Poor nutrition can also lead to obesity, which affects 40 million children under 5 globally, the joint child malnutrition estimates say.

“Without increased efforts, the world will fall far short of achieving the SDG target of eradicating hunger by 2030,” the Food and Agriculture Organization of the United Nations said in its September report, referring to the sustainable development goal set by the U.N.

While efforts at the community level may seem insignificant next to such daunting problems, Hart believes that every individual action like the ones made by the volunteers at Christ Church last week makes a difference.

“Nothing is going to happen if we don’t do something about it, and I think the important thing that communities can see with this event is that there is something that they can do about it,” Hart said. “It might feel like half a world away, but there is something that they can do in their backyard that can help those around the world.”

Volunteer Ipsita Salim first heard about Rise Against Hunger through the All Dulles Area Muslim Society Center in Sterling.

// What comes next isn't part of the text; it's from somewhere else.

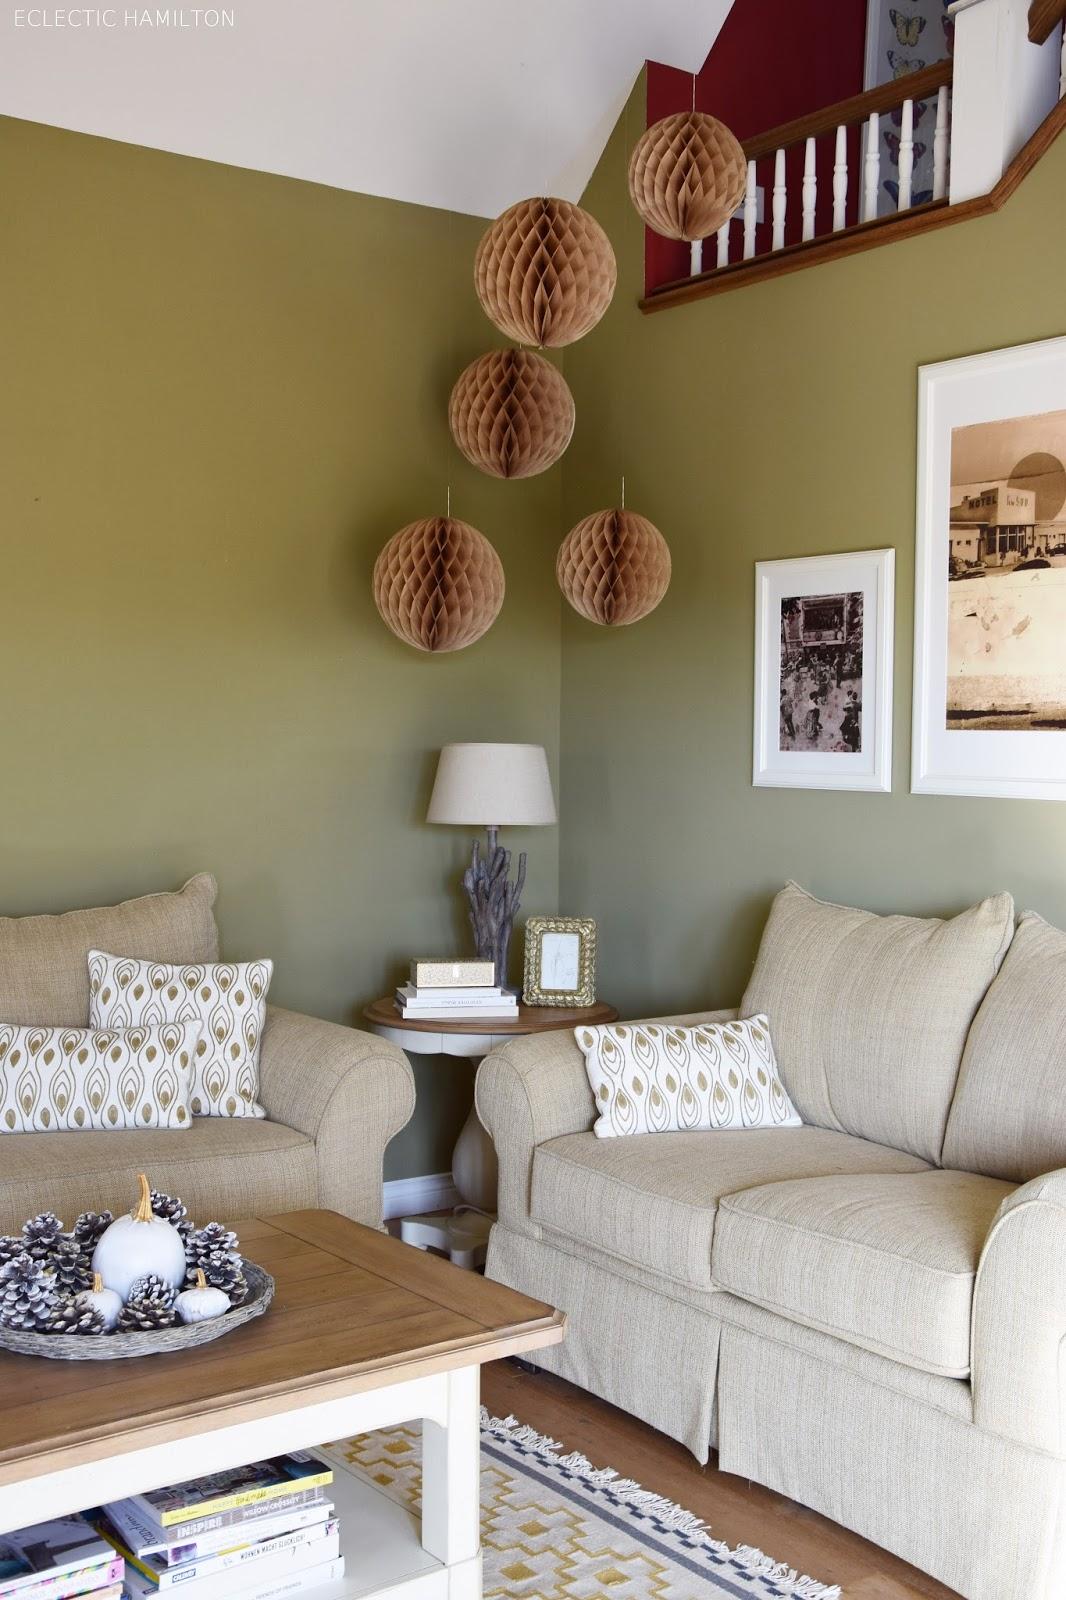 Neue deko fürs wohnzimmer   eclectic hamilton
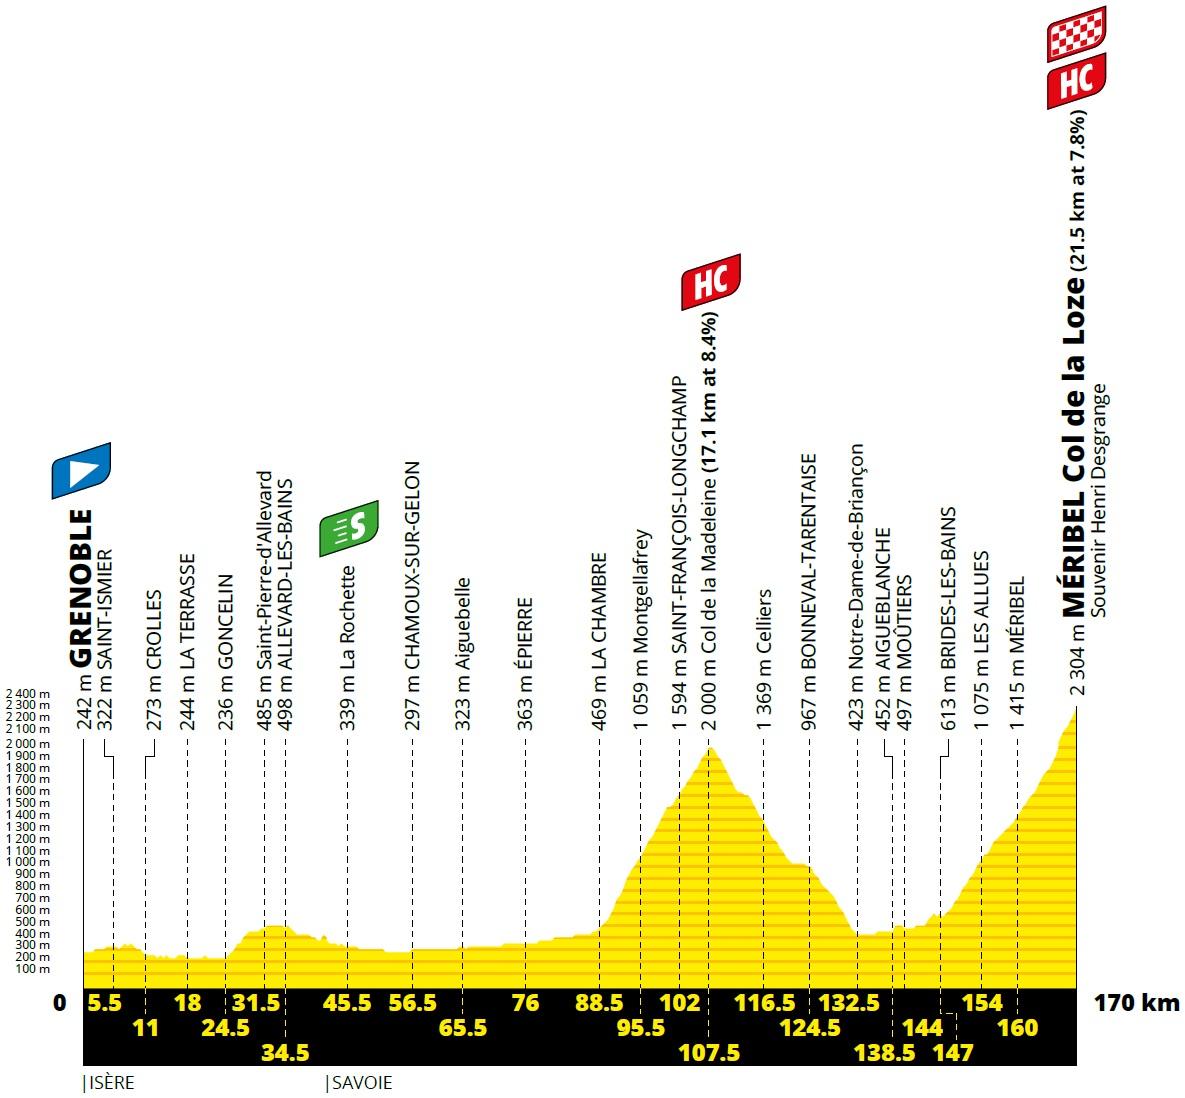 Vorschau & Favoriten Tour de France, Etappe 17

Since then, she has participated in three or four packing events organized by the nonprofit in the area.

She sees meal packing as more than just providing food for a child or family.

With food, children can concentrate more fully on their education and have a better quality of life, and by supporting local agricultural and income-generating initiatives, Rise Against Hunger helps provide people with tools and resources that they can use to support themselves long-term.

She also argues that service activities like the Together We Rise Against Hunger packing event benefit volunteers as well as the recipients of their aid.

“It helps people of different communities and backgrounds come together and work together toward a common goal,” Salim said. “It helps us establish those bonds and really see each other as individuals and not just certain demographics. The kids…get involved, so it instills that sense of giving back very early on, which I think is also very important.”